Revenue Recognition - The Company enters into contracts with its customers that generally represent purchase orders specifying general terms and conditions, order quantities and per unit product prices. The Company has determined that each unit of product purchased represents a separate performance obligation. The Company satisfies its performance obligations and recognizes revenue at a point in time when control of a unit of product is transferred to the customer. Revenue is measured as the amount of consideration the Company expects to receive in exchange for transferring products. For the majority of product sales, transfer of control occurs when the products are shipped from the Company’s manufacturing facility to the customer. The cost of delivering products to the Company’s customers is recorded as a component of cost of products sold. Those costs may include the amounts paid to a third party to deliver the products. Any freight costs billed to and paid by a customer are included in revenue.  

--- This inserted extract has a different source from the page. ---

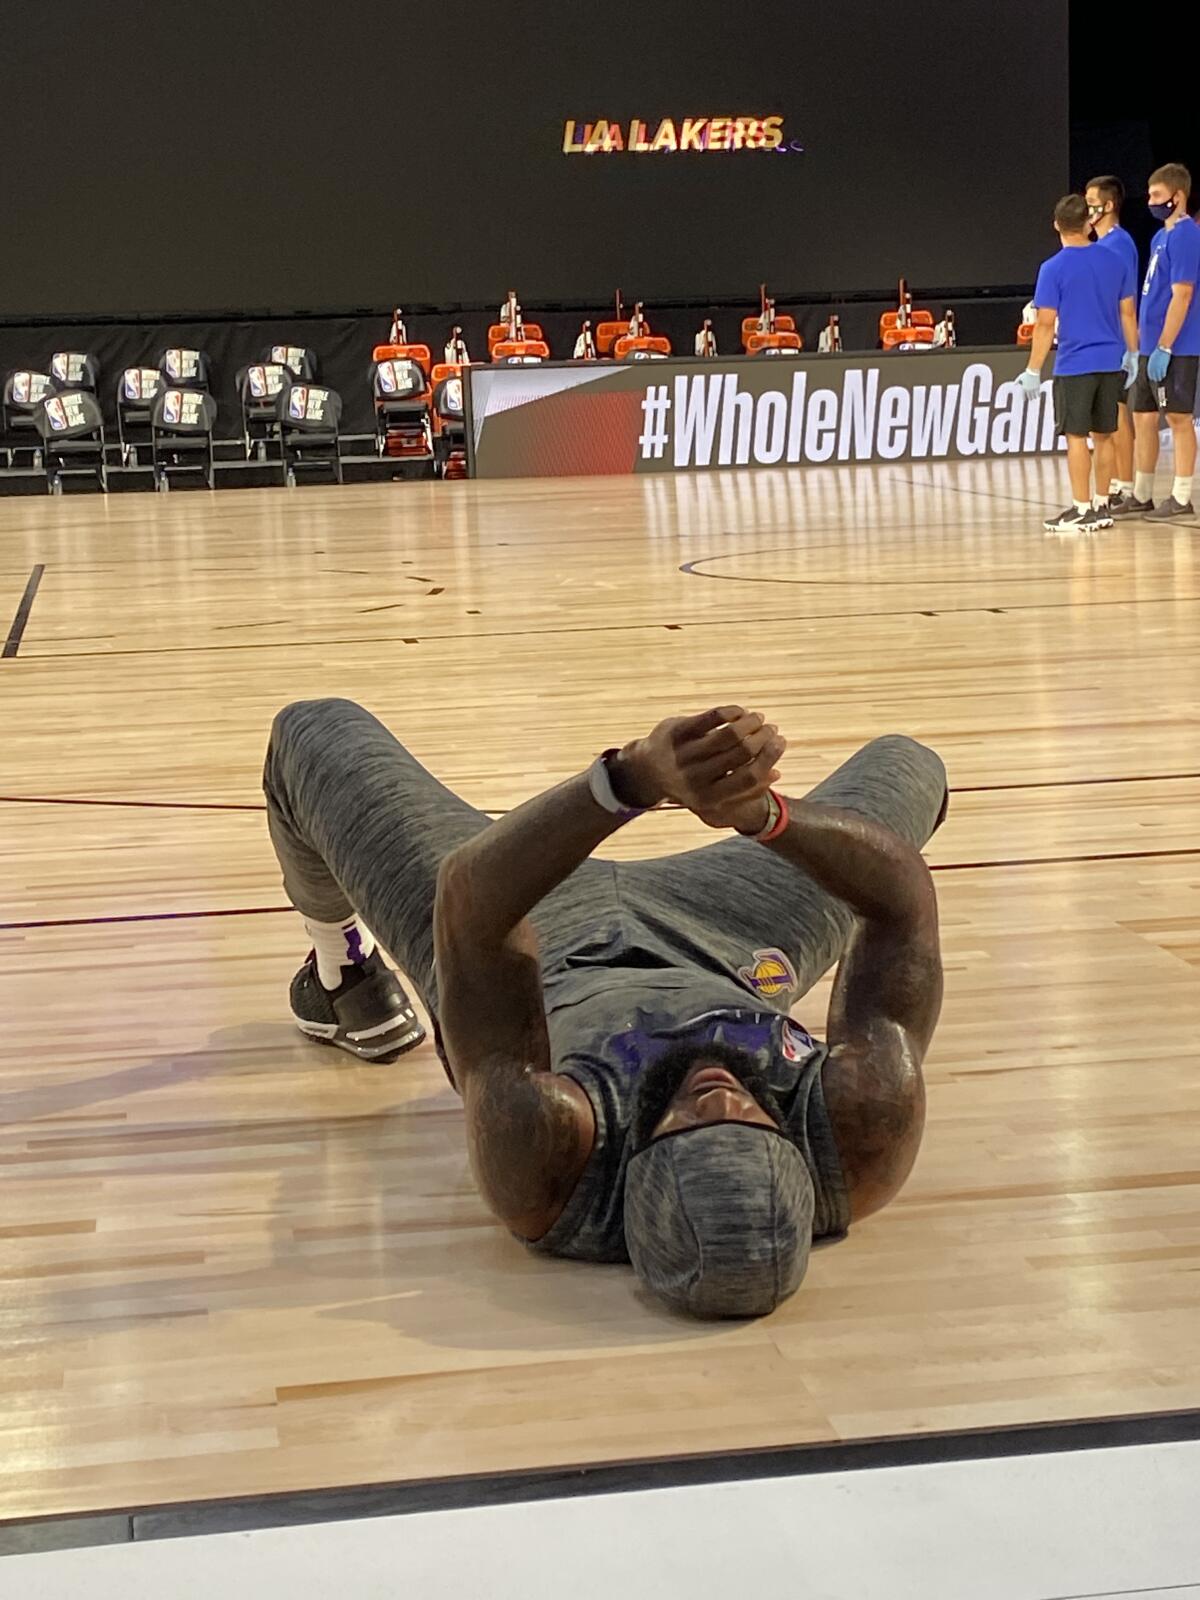 Lakers star LeBron James, while wearing his MagicBand, stretches before a game in the NBA bubble in Orlando.

The Company considers collectability of amounts due under a contract to be probable upon inception of a sale based on an evaluation of the credit worthiness of each customer. The Company sells its products typically under agreements with 30 day payment terms. The Company does not typically include extended payment terms or significant financing components in contracts with customers. The majority of the Company’s contracts have an obligation to transfer products within one year. Thus, the Company elects to use the practical expedient where incremental cost of obtaining a contract, such as commissions, is expensed when incurred because the amortization period for those costs is one year or less. The Company treats shipping and handling activities that occur after control of the product transfers as fulfillment activities, and therefore, does not account for shipping and handling costs as a separate performance obligation. Customer deposits are funds received in advance from customers and are recognized as revenue when the Company has transferred control of product to the customer. Product revenues are recognized upon shipment of goods as the customer has assumed the significant risks and rewards of ownership and the Company is entitled to payment at this point. Service revenues are recognized upon completion as the customer cannot realize the benefit of the service until fully completed.

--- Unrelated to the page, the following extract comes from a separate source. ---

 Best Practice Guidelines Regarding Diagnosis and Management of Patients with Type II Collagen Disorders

All revenue was from the photonics industry during the six months ended June 30, 2022 and 2021. The top two customers represented approximately 87% and 79% of total revenue for the six months ended June 30, 2022 and 2021, respectively. International shipments resulted in 1% and 3% of total revenue for the first six months of 2022 and 2021, respectively.

8

SCI ENGINEERED MATERIALS, INC

NOTES TO FINANCIAL STATEMENTS

Note 2.  Summary of Significant Accounting Policies (continued)

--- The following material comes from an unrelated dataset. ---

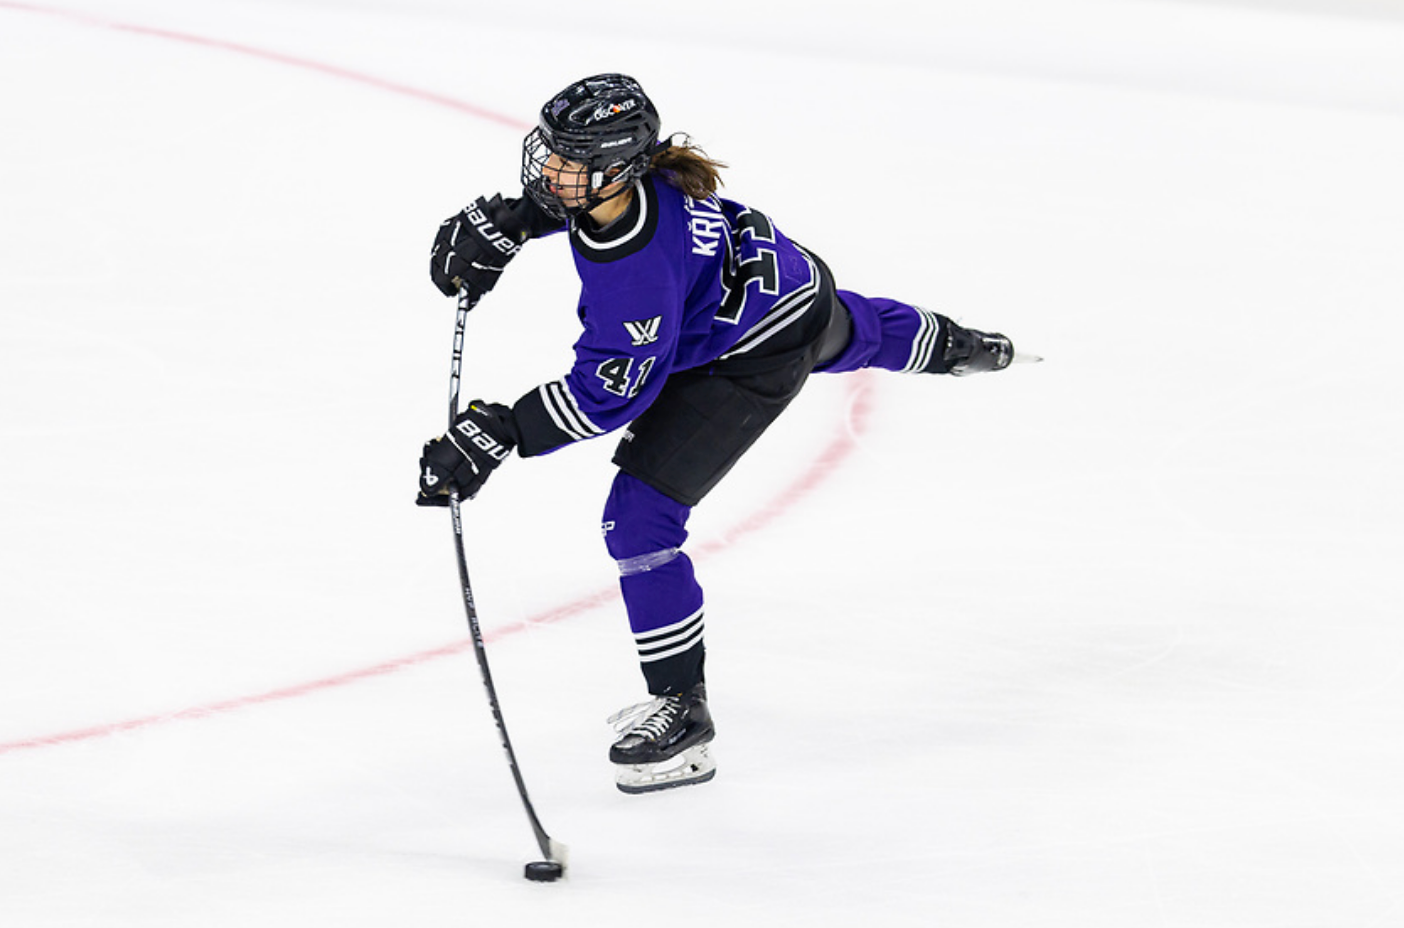 Denisa Křížová transfers all her weight to her front foot while flexing her stick. She is about to take a shot. She is wearing a purple home uniform.

Employee Retention Credit (ERC) - The Company qualified for federal government assistance through Employee Retention Credit provisions of the Consolidated Appropriations Act of 2021 during the first six months of 2021 in the amount of $255,507 during the first quarter of 2021 and $151,701 during the second quarter of 2021. The purpose of the Employee Retention Credit was to encourage employers to keep employees on the payroll, even if they were not working during the covered period because of the coronavirus outbreak. These funds were recorded in the Statements of Income as an offset to payroll costs in their respective expense lines and as a tax receivable on the balance sheets. The Company also qualified for the ERC in the third quarter of 2021. A balance of $105,000 appears as a tax receivable on the balance sheets at June 30, 2022.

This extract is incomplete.